Теперь я не могу и пяти минут отдать мыслям об «Эрнани» – тотчас всякие унылые думы начинают тесниться в моем мозгу. Да и как не думать, что вы вступаете на путь вечной борьбы, что вы утратите в ней целомудрие своей лирики, что всеми вашими поступками станут руководить соображения тактики, что вы должны будете встречаться с грязными людьми, что вам придется пожимать им руку, я говорю все это не для того, чтобы вы сошли с избранного вами пути, – такие умы, как ваш, непоколебимы, да и должны быть непоколебимыми, ибо ясно сознают свое призвание. Я говорю это ради себя самого – хочу объяснить свое молчание, пока его никто еще не истолковал превратно, хочу сказать о своей беспомощности…

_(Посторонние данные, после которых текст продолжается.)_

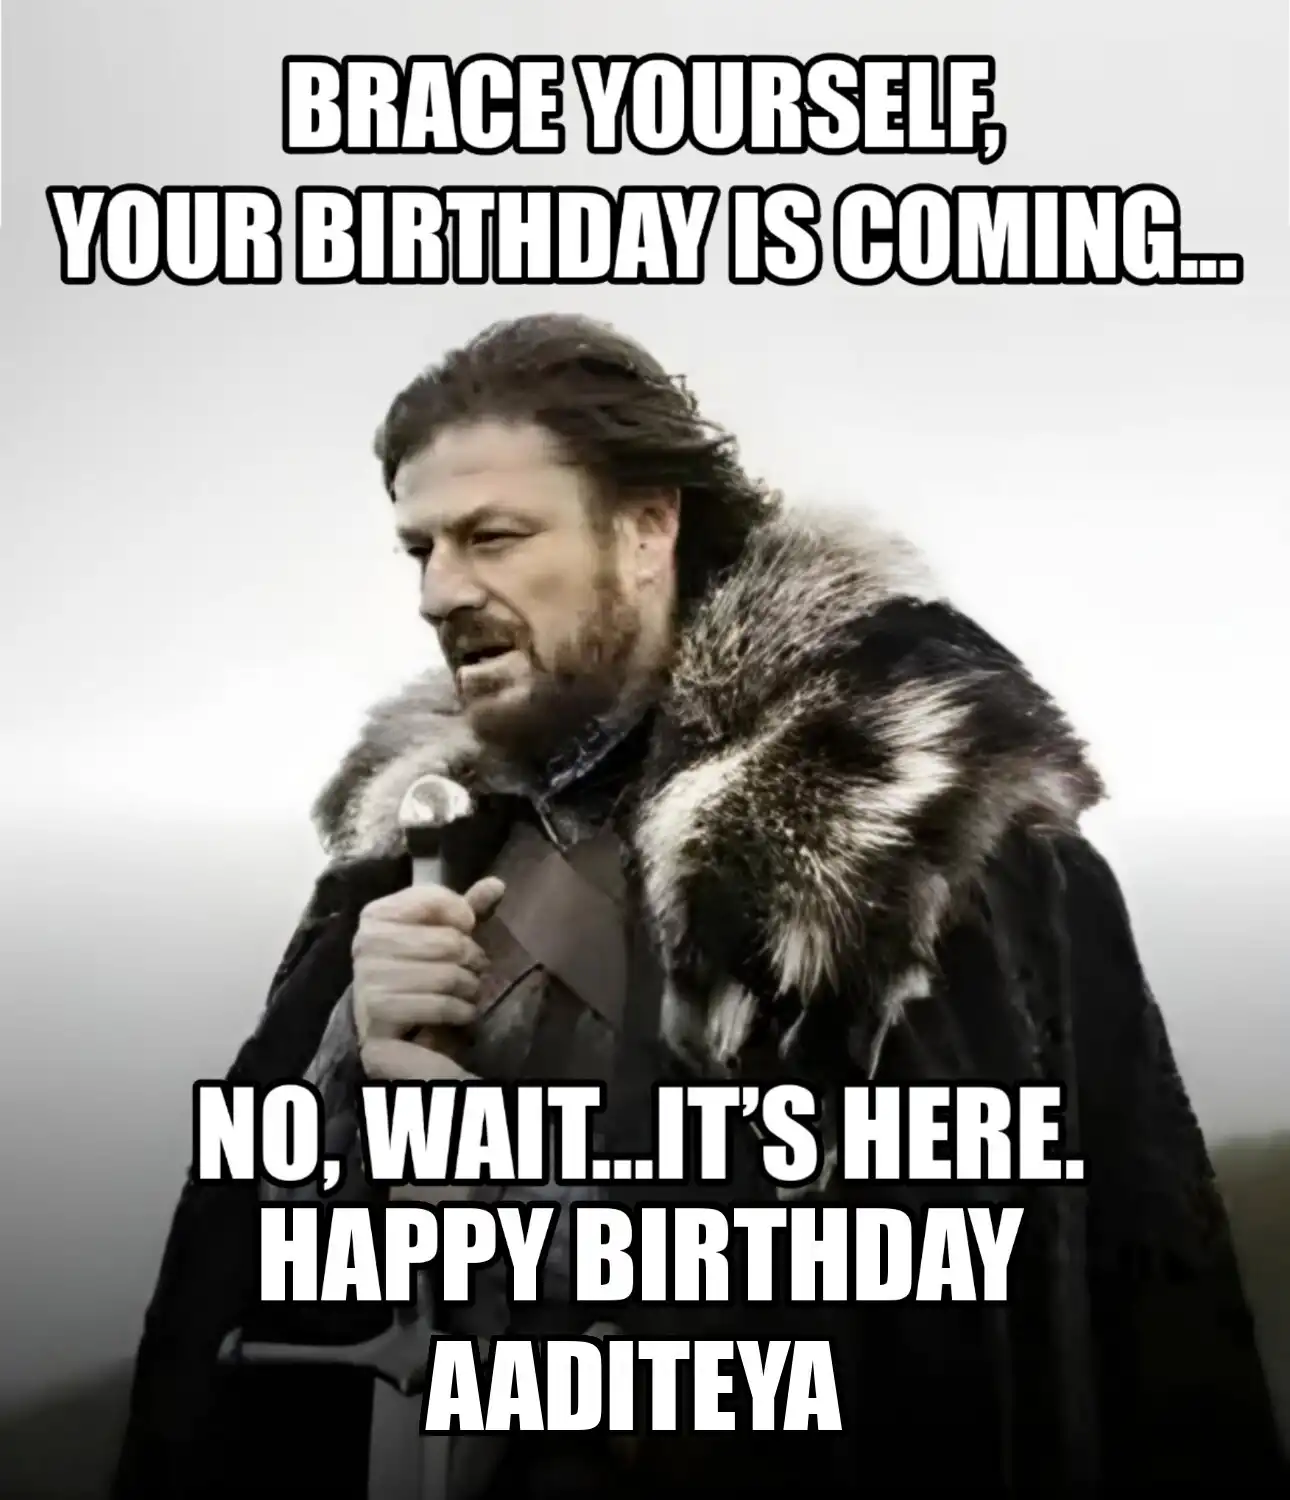 Happy Birthday Aaditeya Brace Yourself Your Birthday Is Coming Meme

Порвите, предайте все забвению. Пусть это письмо не будет для вас еще одной неприятностью среди вполне понятных неприятностей. Мне нужно было написать вам, так как теперь уж невозможно поговорить с вами наедине, в доме вашем как будто был разгром.

Ваш неизменный и грустный
Сент-Бёв

А как же ваша супруга? Та женщина, чье имя должно было бы звучать под звуки лиры лишь в те минуты, когда ваши песни люди слушали бы, преклонив колени; та самая, на которую теперь ежедневно устремлены чужие кощунственные взгляды; та, которая раздает билеты восьми и даже более десяткам молодых людей, вчера еще едва знакомых ей? Чистая, пленительная близость, бесценный дар дружбы, навсегда осквернена в этой толкучке; понятие «преданность» попрано, превыше всего ценится у вас теперь полезность, и нет ничего для вас важнее материальных расчетов!!!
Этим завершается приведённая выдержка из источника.